Question 5 states that, for purposes of determining whether a taxpayer has a long- or short-term capital gain, the holding period begins the day after acquisition of the virtual currency and ends when the virtual currency is disposed of. If the virtual currency was held for more than one year, the gain/loss is a long-term capital gain/loss, while there would be a short-term capital gain/loss if it was held for one year or less.

Questions 30-32 state that income from a bona fide gift of virtual currency would not be recognized until the virtual currency is disposed of. This group of questions also addresses how to calculate basis in gifted virtual currency and confirms that the holding period for gifted virtual currency includes the donor’s holding period, at least to the extent the recipient can document the donor’s holding period. Questions 33 and 34 address charitable contributions of virtual currency, which generally would not result in recognized income, gain, or loss if donated to a charity described in Code Section 170(c).
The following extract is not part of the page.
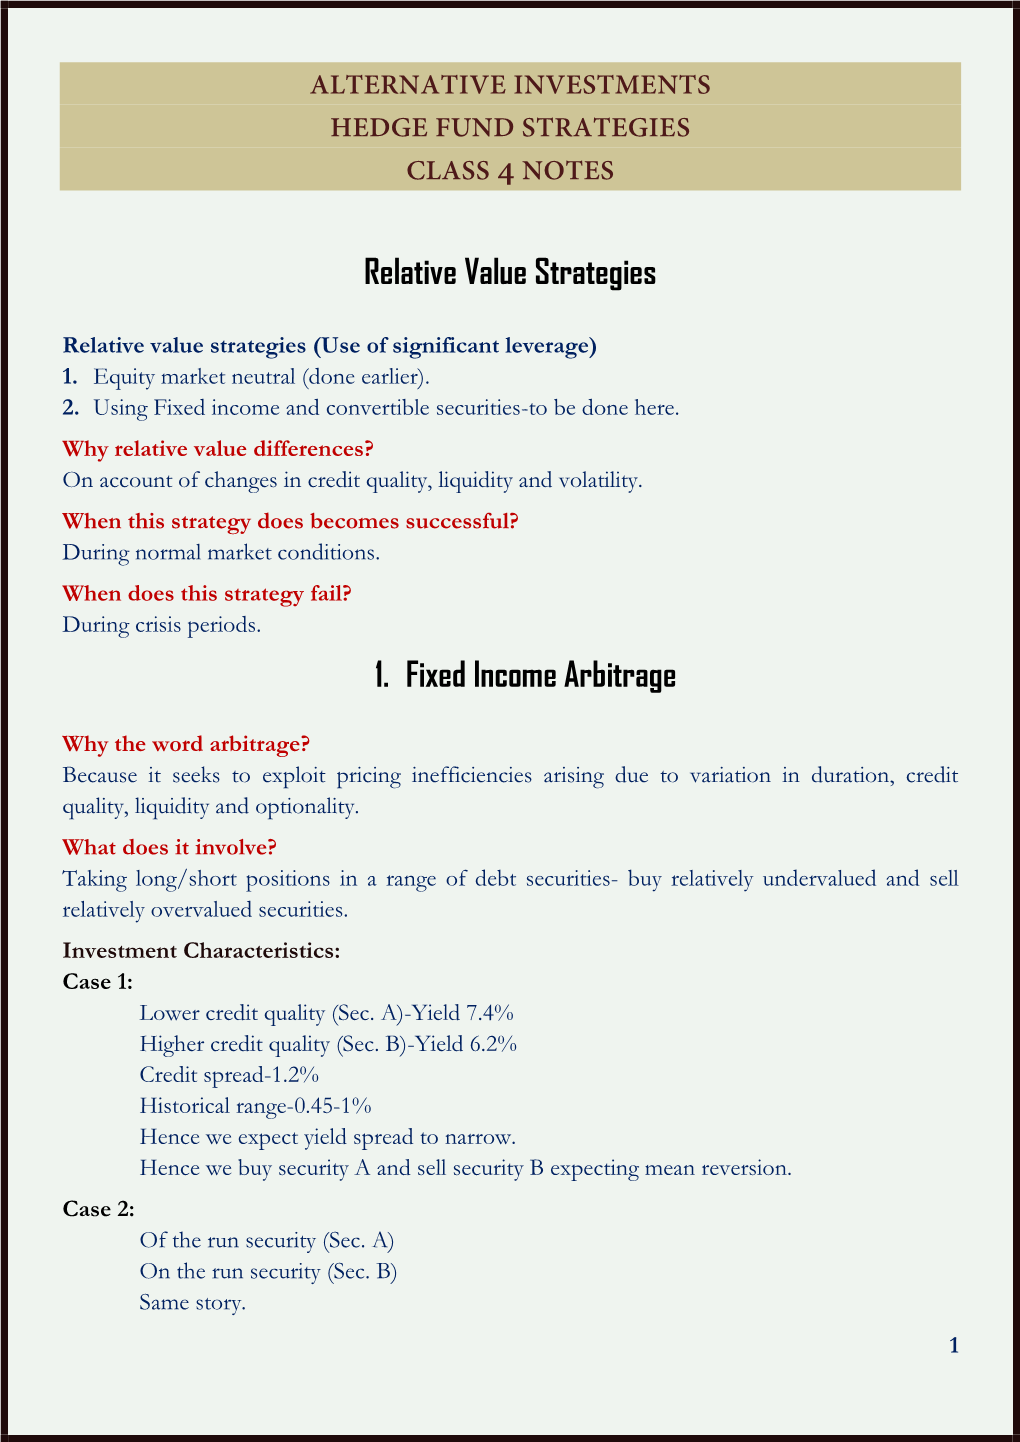 Relative Value Strategies 1. Fixed Income Arbitrage

Lawmakers seek clarity from IRS. Lawmakers have periodically called for additional IRS guidance during the past several years. A reply by Commissioner Rettig to a letter from Rep. Tom Emmer (D-Minn) earlier this year indicated that the issuance of further guidance on virtual currencies was a priority for the IRS. Specifically, Commissioner Rettig said the IRS intended to publish guidance addressing three topics: (1) acceptable methods for calculating cost basis; (2) acceptable methods of cost basis assignment; and (3) tax treatment of forks. (See, Letter of Rep. Tom Emmer to IRS Commissioner Rettig, April 11, 2019; Letter from Commissioner Rettig to Rep. Tom Emmer, May 16, 2019).

In the 116th Congress, the Safe Harbor for Taxpayers with Forked Assets Act of 2019 (H.R. 3650; the bill was originally introduced in the 115th Congress as H.R. 6973), sponsored by Rep. Emmer, would provide temporary relief for taxpayers who experience forks in the virtual currency they hold. First, the bill would provide that the IRS could not impose penalties or additions to tax regarding underpayments or understatements attributable to a taxpayer’s attempt to comply with tax laws applicable to the receipt or disposition of virtual currency. The provision would provide relief from Code Sections 6662 to 6664 regarding accuracy-related and fraud penalties.

Second, the bill would provide for no penalties or additions to tax regarding any failure during the applicable period to file a return or report or to make a tax payment that is attributable to the filing or payment requirements for the receipt or disposition of virtual currency. The provision would impact the following Code provisions: (1) Section 6651—failure to file a return or to pay tax; (2) Section 6654—individual’s failure to pay estimated income tax; (3) Section 6655—corporation’s failure to pay estimated income tax; (4) Section 6656—failure to make a deposit of taxes; (5) Section 6698—failure to file a partnership tax return; (6) Section 6699—failure to file an S corporation tax return.

Other proposed tax legislation, such as the Token Taxonomy Act (see, H.R. 2144 and H.R. 7356), sponsored by Rep. Warren Davidson (R-Ohio) and first introduced in the last Congress, would address IRAs, collectibles, like kind exchanges, and the taxation of gains from the sale of virtual currencies. The Token Taxonomy Act also would exempt digital tokens from the definition of “security” under federal securities laws.